### DATA SECTION
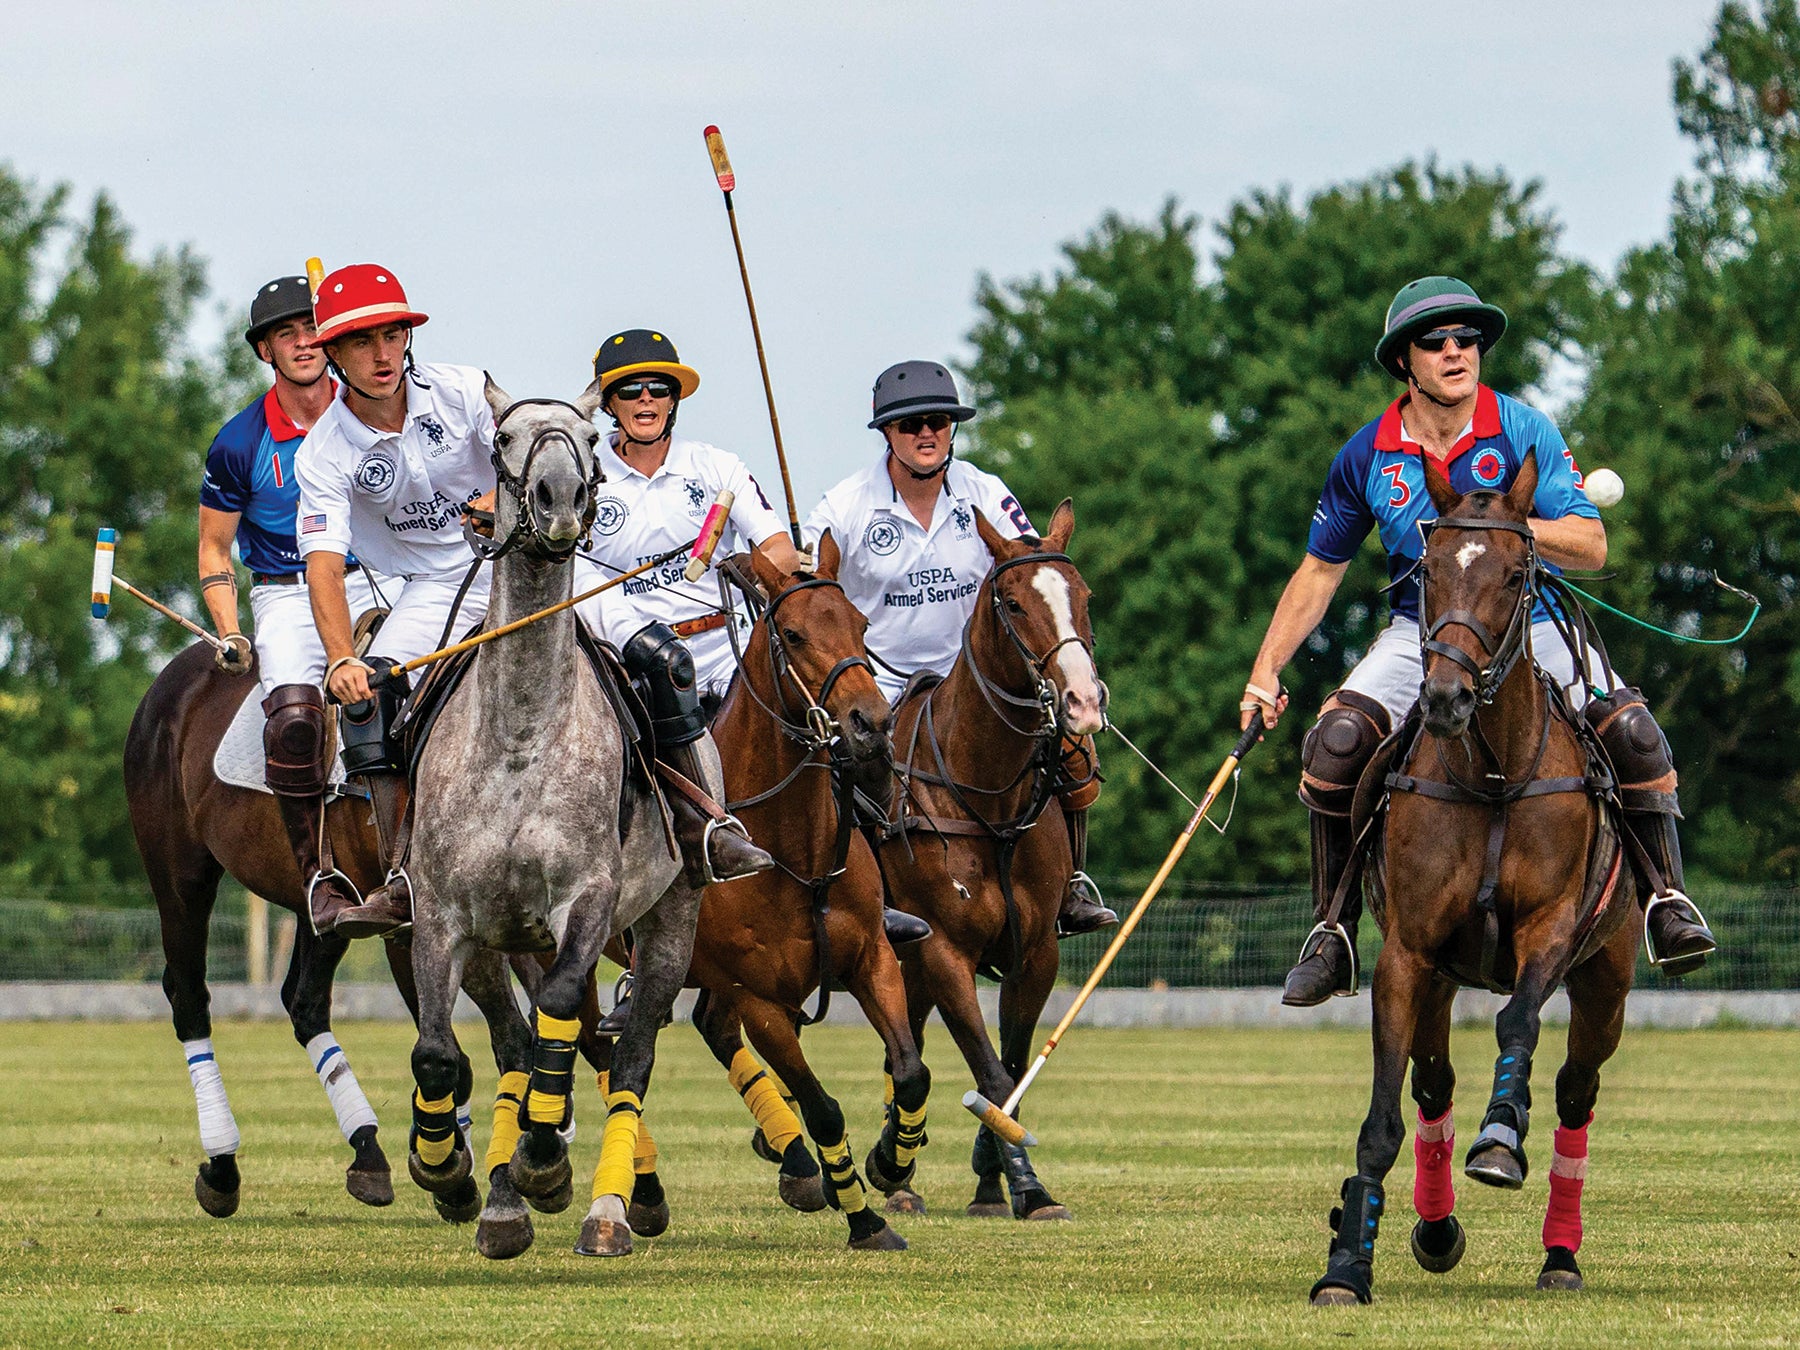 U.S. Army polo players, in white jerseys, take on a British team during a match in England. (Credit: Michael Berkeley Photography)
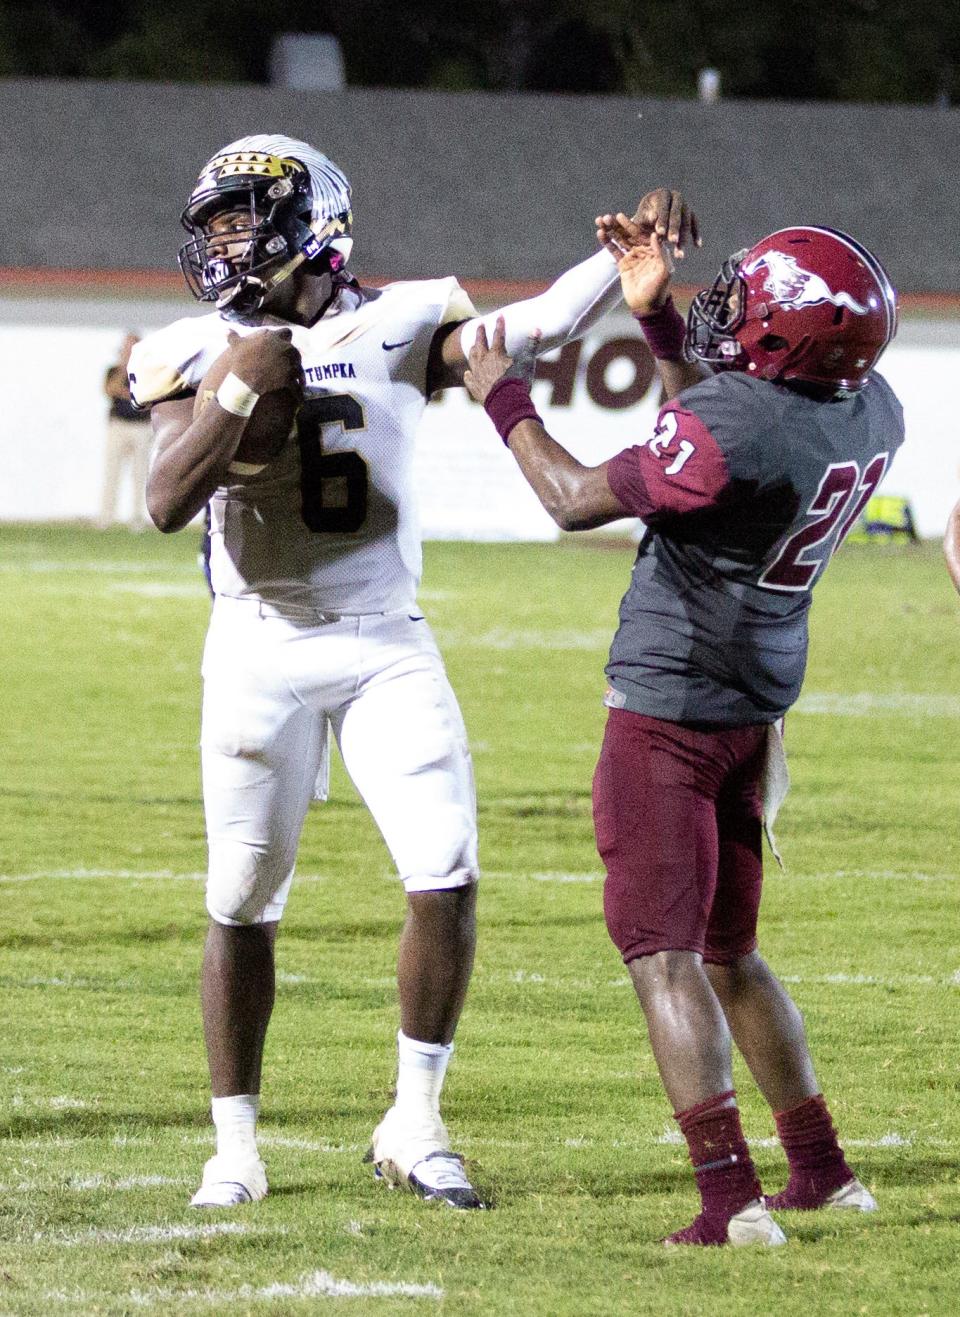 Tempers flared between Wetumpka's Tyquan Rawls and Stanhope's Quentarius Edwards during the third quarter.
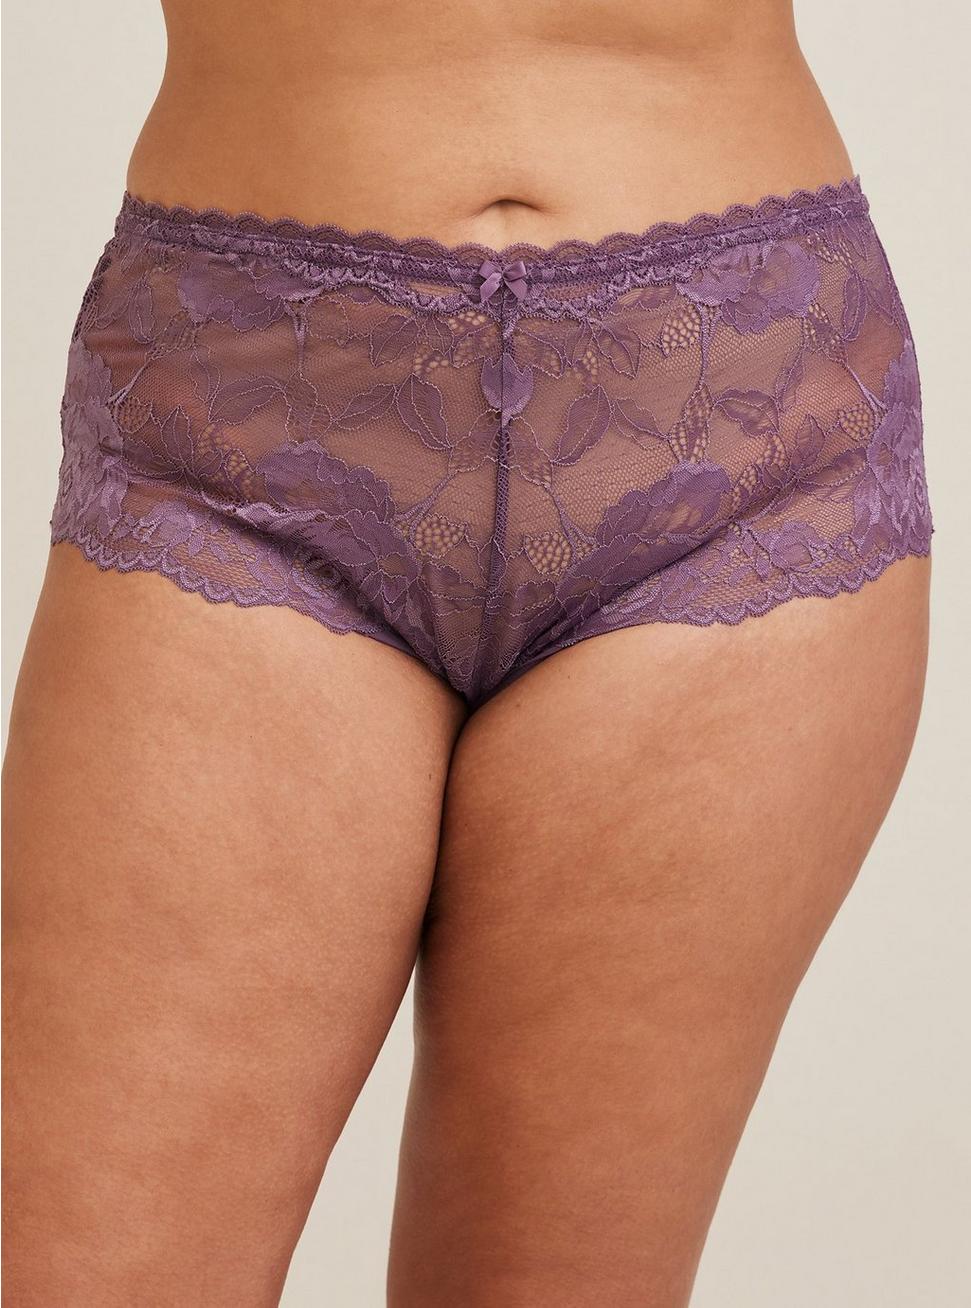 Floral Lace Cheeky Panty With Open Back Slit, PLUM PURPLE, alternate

### WORK ITEM
Return the listing above verbatim and exclude every picture.

### SOLUTION TO THIS PROBLEM
 U.S. Army polo players, in white jerseys, take on a British team during a match in England. (Credit: Michael Berkeley Photography)
 Tempers flared between Wetumpka's Tyquan Rawls and Stanhope's Quentarius Edwards during the third quarter.
 Floral Lace Cheeky Panty With Open Back Slit, PLUM PURPLE, alternate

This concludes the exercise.